New Jersey Needs $38 Billion Plan For Employee Benefits
In 2002, the total for all benefits (health insurance, pension, etc) for active and retired employees cost taxpayers approximately $2 billion and comprised 8.8% of the state’s budget. By 2008, that number had grown to $4.9 billion, gobbling up 14.8% of the state’s budget. Teacher retirement benefits, paid from the state’s income tax revenues, are included in those numbers.
The Governor’s 2008 budget (current year), also provided a forecast for employee health insurance and pension benefit costs for the next five years. By 2013, the total for health insurance was estimated to be $4.6 billion and pension contributions, $3.3 billion. That’s $7.9 billion per year, excluding employer paid payroll taxes.
Read the Governor’s January 2008 asset monetization presentation and you’ll find he’s now projecting that by 2010, health insurance costs will jump to $4.9 billion, just for retired employees. Missing from Corzine’s chart are the projections for health insurance for active employees and the pension contribution required for teachers.
The Report of the Benefits Review Task Force from December of 2005 sounded the alarm with the following cost projections for employee health insurance. The Governor and Legislature thanked the task force kindly and then did essentially nothing about the skyrocketing costs.
We reluctantly acknowledge that such a large reduction in the liability might be achieved through the sale of a publicly-owned asset. While we are generally opposed to a one-time asset sale to generate revenue, we feel compelled to put aside our reservations and make the recommendation.That’s the reality and that’s the problem Governor Corzine is trying to solve with his $38 billion asset monetization plan and the huge toll hikes required to pay for it.
That’s why we reluctantly support Jon Corzine’s Financial Restructuring Plan. (If someone has another way out of this mess we’d like to see the details.) However, taxpayers should insist on some key changes to the plan and future state spending as the price for their support. We’ll write about that in future blog posts.
Recommended Reading:
The Report of the Benefits Review Task Force – December 2005
The state of New Jersey Debt Report – November 2007
State of New Jersey Financial Restructuring – January 2008
Why The Sudden Panic Attack Over New Jersey’s Bond Debt?
Does New Jersey Need A $38 Billion Asset Monetization Plan To Solve an $800 Million Transportation Funding Problem?
Labels: Asset Monetization, Financial Restructuring Plan., Jon Corzine, New Jersey, State Budget
7 Comments:
"(If someone has another way out of this mess we’d like to see the details.)"
I guess we can't just turn the pension liability over to the Feds? (http://www.pbgc.gov/)

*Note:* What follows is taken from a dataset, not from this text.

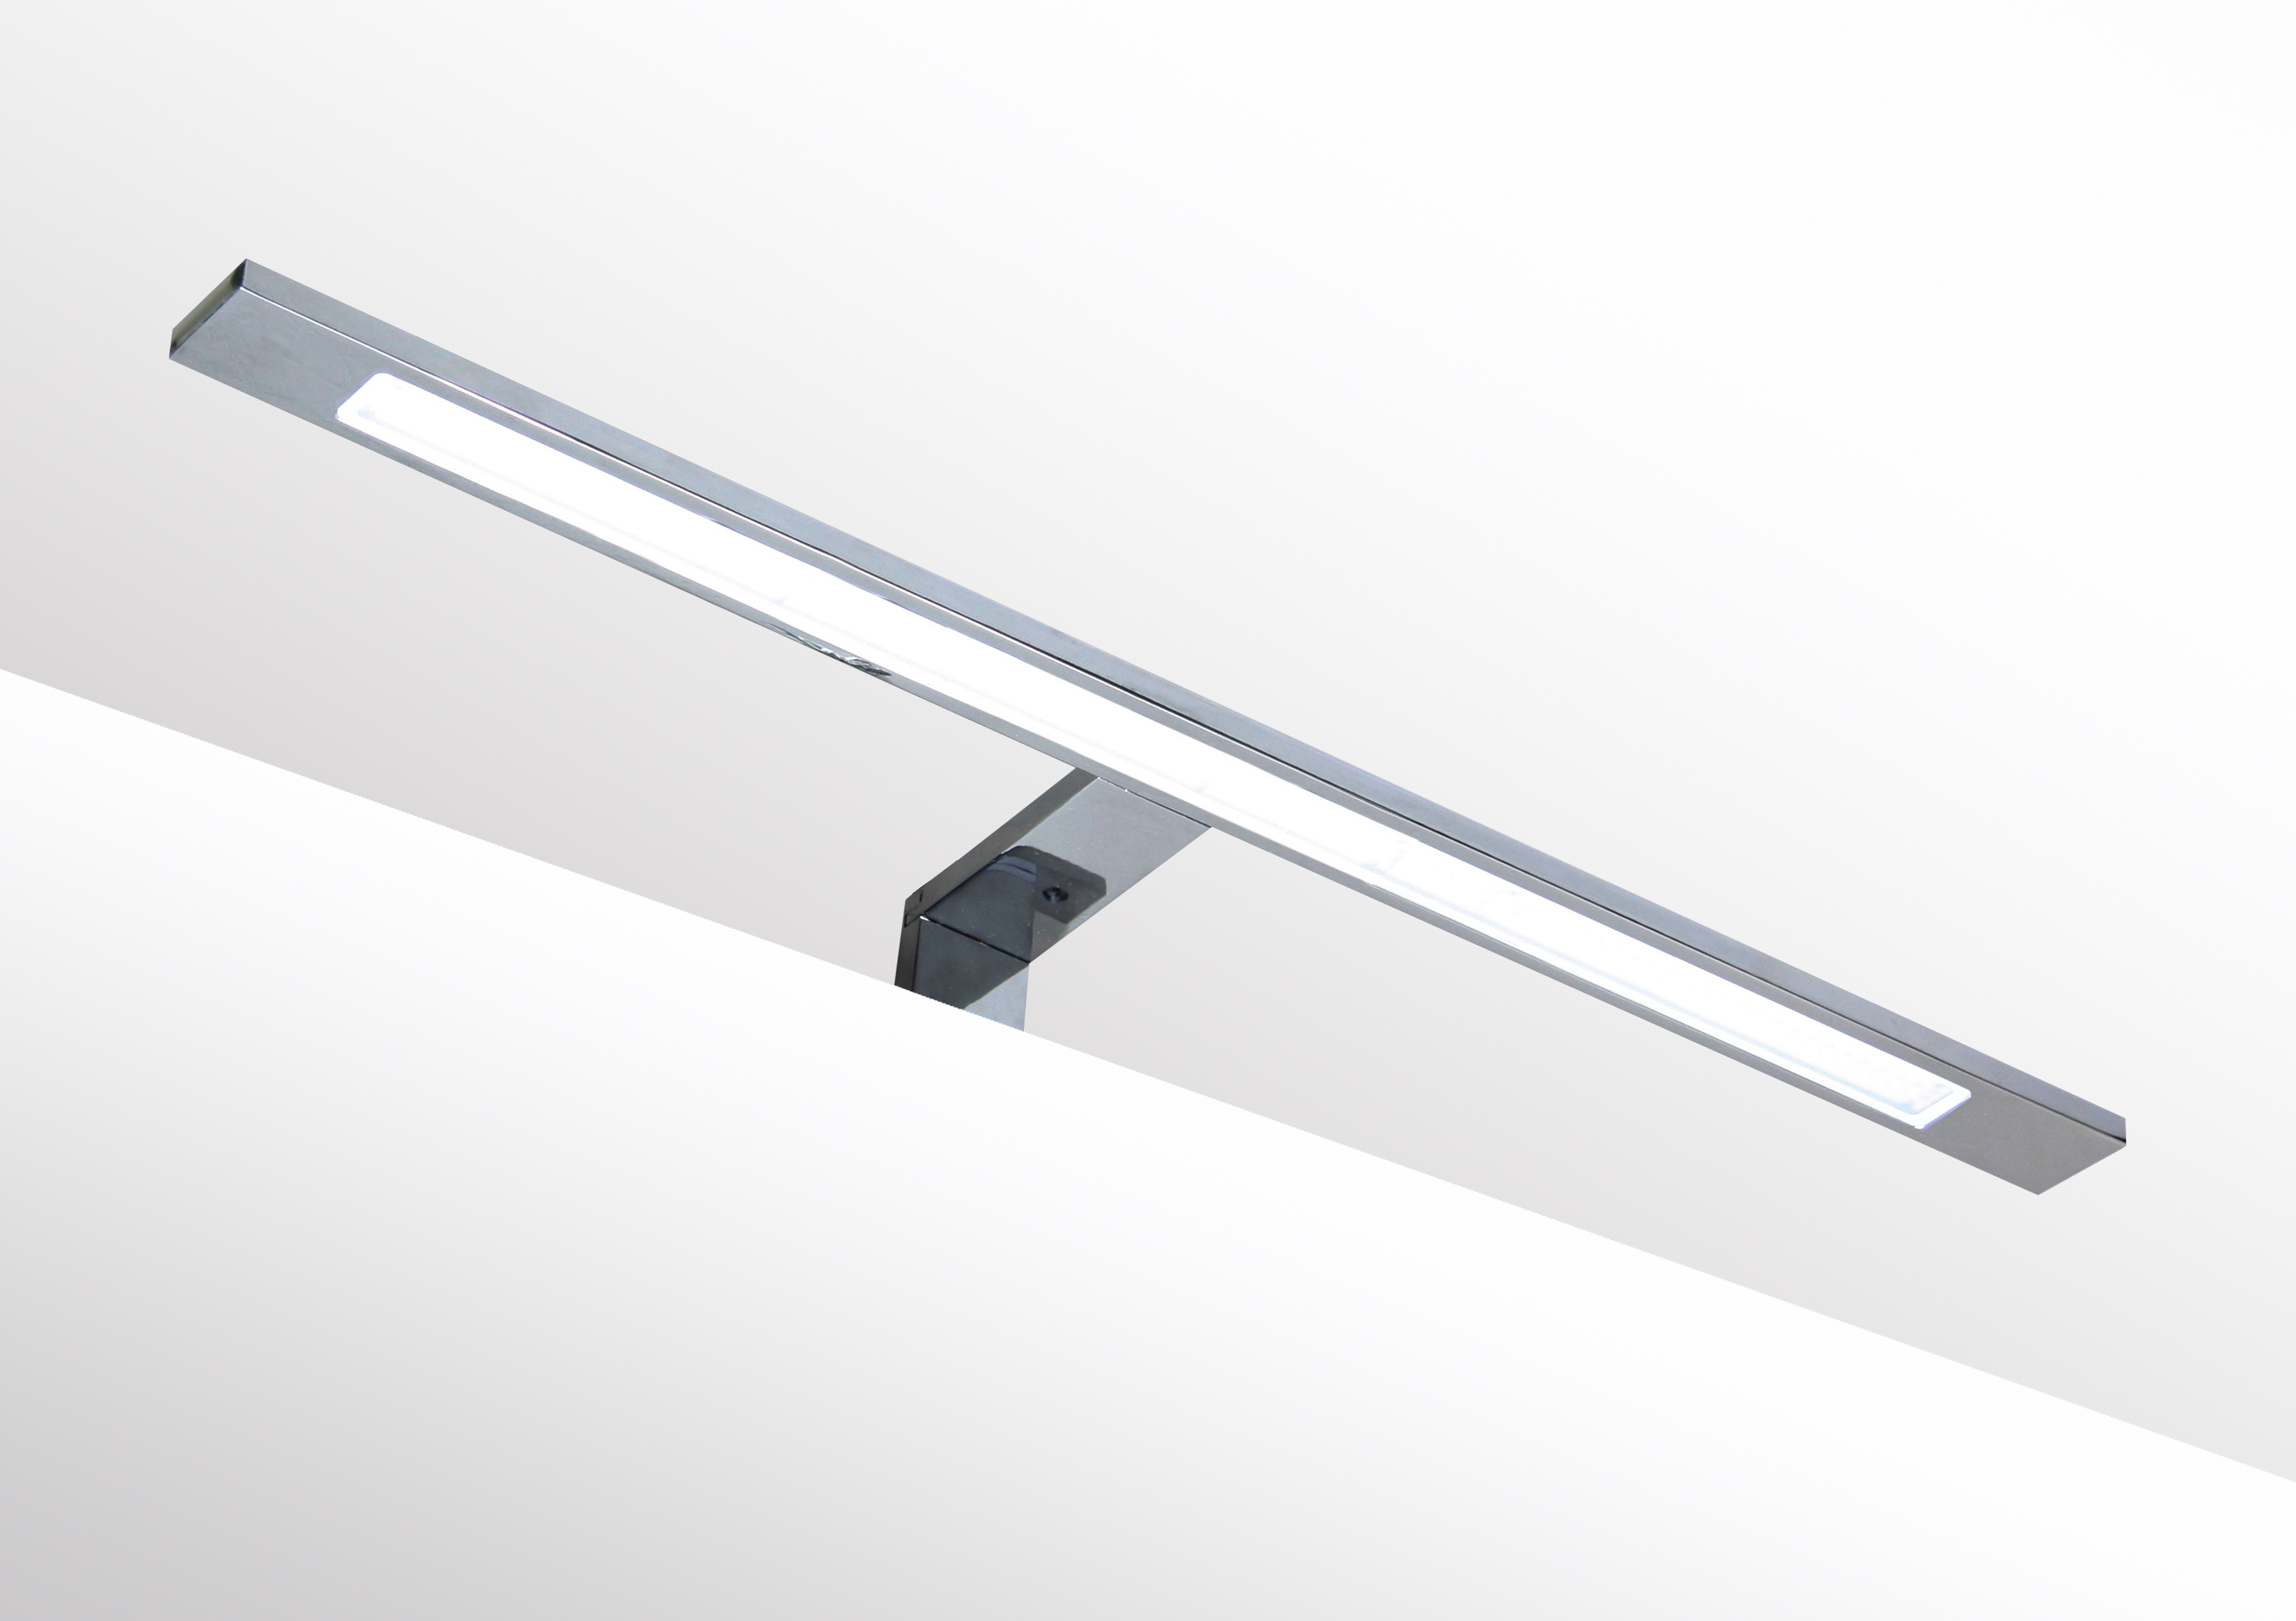 LED Lampe IS020-600A- warm weiß für Badezimmer / Spiegel Beleuchtung

It would be nice to see some significant personnel reductions first. I would support an increase in the gas tax before a bulk sale (monitization, whatever) of the state highways. There's simply no way to enforce the proceeds from the sale going to where it should
I suppose it is also just too much to ask our legislators to actually, you know, CUT costs.
In the private sector, these unfunded pension liabilities would result in someone going to jail.
Remember, this was the guy pumping his fist in the air promising the state union workers, "I will fight for you."
I really could puke.
Interesting posts. Really interesting.
Outta curiosity, have any newspapers gone into details about this?
I do not understand how any of the $38 billion will actually go towards benefit costs.
On page 18 of the Asset Monetization Background briefing, Corzine spells out how the bonded money will be spent. $8 bil for reserves, $5.7 bil for Toll Road debt, $10.7 to take care of TTFA, $1.4 for OPen Space debt, and then $11.9 bil for General Fund debt.
The General Fund debt is the credit card bill you posted earlier. Pension and health costs liabilities are not included in that bill, right?
The state’s bonded debt (credit card debt) includes the Transportation Trust Fund (TTFA) debt, the Garden State Preservation Trust debt and the other the so-called “general fund debt” which Corzine’s plan would reduce.
Total Transportation Trust Fund Authority debt would be reduced by $10.650 billion, Garden State Preservation Trust debt would be reduced by $1.350 billion and other bonded state debt would be reduced by $11.9 billion. That’s a total of $24.9 billion in debt reduction out of the total $37.6 billion toll road monetization deal.
Eliminating the payments on those debts reduces the state’s annual debt payment requirements and therefore, frees up that money for other state expenditures. The money is needed for employee benefits.
Public employee health insurance costs (active and retired) are going up 18 percent, per year. Large and growing pension contributions must be made. The state’s revenues are not increasing enough each year to meet these greatly escalating employee benefit expenditures.